Of course she accepted the generous proposition. After gathering her few clothes into a bundle, she took her treasure and left the house. The first train that left Batteraft carried her with it, and I have never seen her since.
I acknowledge that I watched her go with a lighter and happier heart than I had known for months.
“It was in this way that she once drove me from my old home, father,” I said. “But it can’t be such a bad world, after all. For, if the wicked sometimes appear to triumph, they are usually punished in the end, and now that Mrs. Ranck has passed out of our lives we ought to be very happy again.”
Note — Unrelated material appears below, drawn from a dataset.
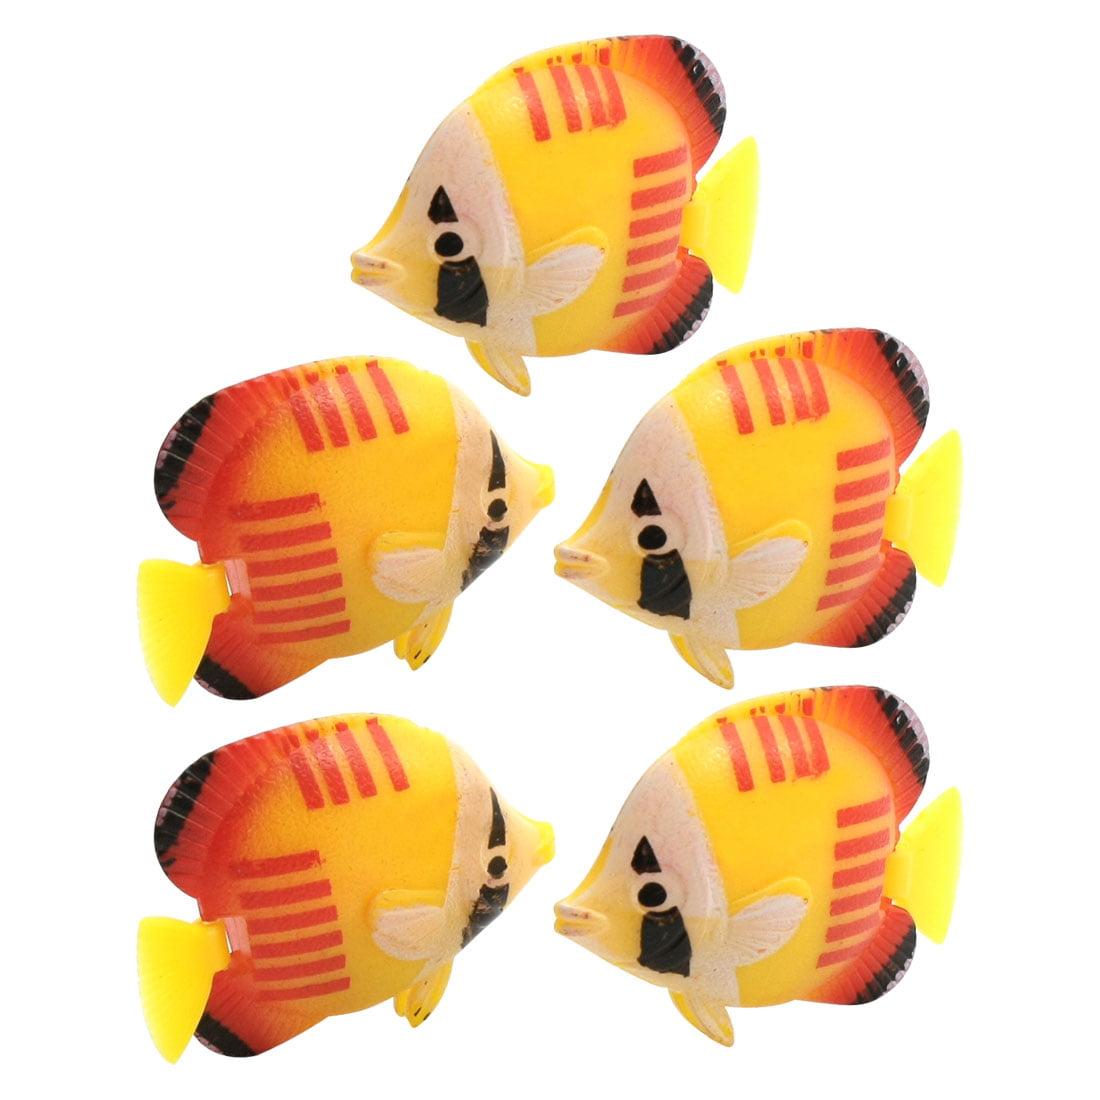 Unique Bargains 5 Pcs Aquarium Tanks Aquascaping Yellow Red Plastic Floating Fishes

“We will be, Sam!” returned my father, earnestly, as he affectionately pressed my hand.
“Hooray!” yelled Uncle Naboth.
Captain Steele was extremely grateful to Uncle Naboth for his care of me, and was delighted by the relation of our adventures on the golden island, as well as pardonably proud of the financial success we had attained.
A new firm was created under the title of “Steele, Perkins and Steele,” and a new ship was soon found that seemed to have been especially constructed to meet our requirements. Captain Steele, declaring that his wooden leg would in no way interfere with his usefulness, decided to command the ship himself, and Ned Britton was made first mate. Uncle Naboth and I were appointed to look after all the finances and attend to the trading at the various ports, and Nux and Bryonia were brought from San Francisco and given posts on the new ship, to their great delight.
By the advice of his shrewder brother-in-law my father converted all his accumulated treasures into money, which was safely invested in Government bonds that were deposited in a Boston bank.
“Whatever happens now,” observed Uncle Naboth, “nobody can’t rob you again; and if our business ventures proves unsuccessful, and Sam and I go bankrupt, you’ve always got something to fall back on in your old age.”
But success seemed to follow in the wake of the new firm, and the “Cleopatra,” as our ship is named, has made voyage after voyage with unvarying good fortune.